Пункт Одиннадцать лежит на ковре, поедая конфеты. Внук двух производителей шелка — одного с грифельной доской, другой — с четками, — он никогда не занимался шелкопрядами. Он никогда не был в Коза-Хане. Окружающая среда уже наложила на него свой отпечаток, и он имеет деспотический, самовлюбленный вид всех американских детей.
Далее в кадр впрыгивают две собаки — наши боксеры Руфус и Виллис.
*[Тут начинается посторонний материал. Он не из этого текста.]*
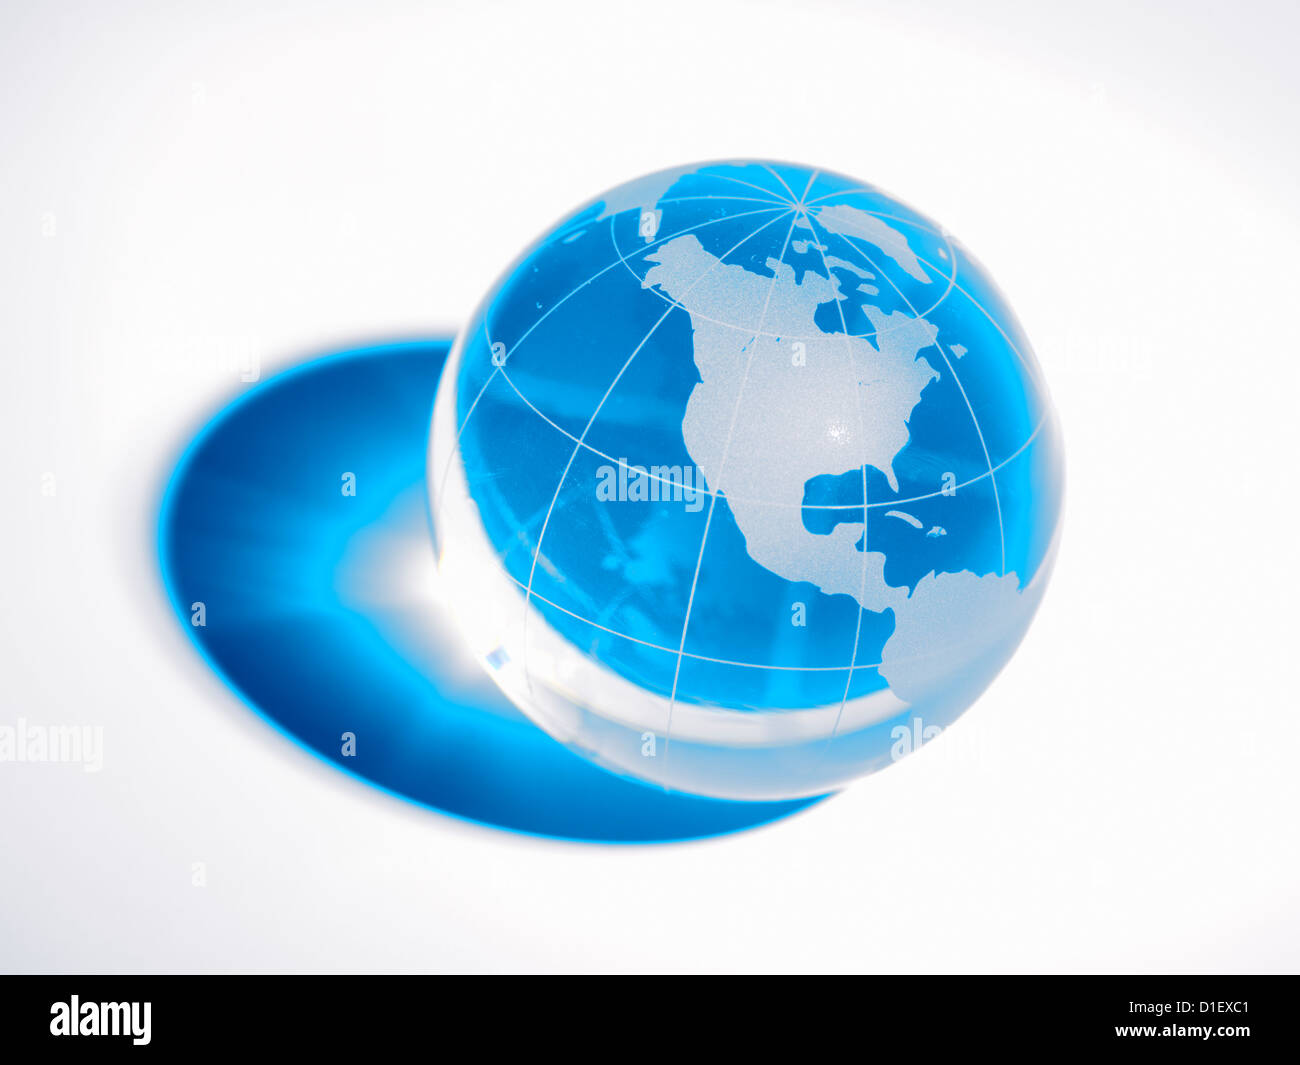 Globo de Cristal sobre fondo blanco. Imagen De Stock

Далее в кадр впрыгивают две собаки — наши боксеры Руфус и Виллис. Руфус обнюхивает мои пеленки и, точно рассчитав время, садится на меня. Позднее он кого-то укусит, и обеих собак придется отдать. Мама прогоняет Руфуса, и снова появляюсь я. Я встаю и улыбаясь направляюсь к камере…
Я отлично помню этот фильм. Именно его доктор Люс выпросил у моих родителей, чтобы ежегодно показывать своим студентам в медицинской школе Корнелла. Как утверждал доктор Люс, тридцать пятая секунда этого шедевра подтверждала его теорию о ранней половой идентификации. Именно его он показал мне для того, чтобы объяснить, кто я такой. Посмотрите на экран: мама протягивает мне куклу, я беру ее и прижимаю к груди, а потом беру игрушечную бутылочку и пытаюсь напоить куклу молоком.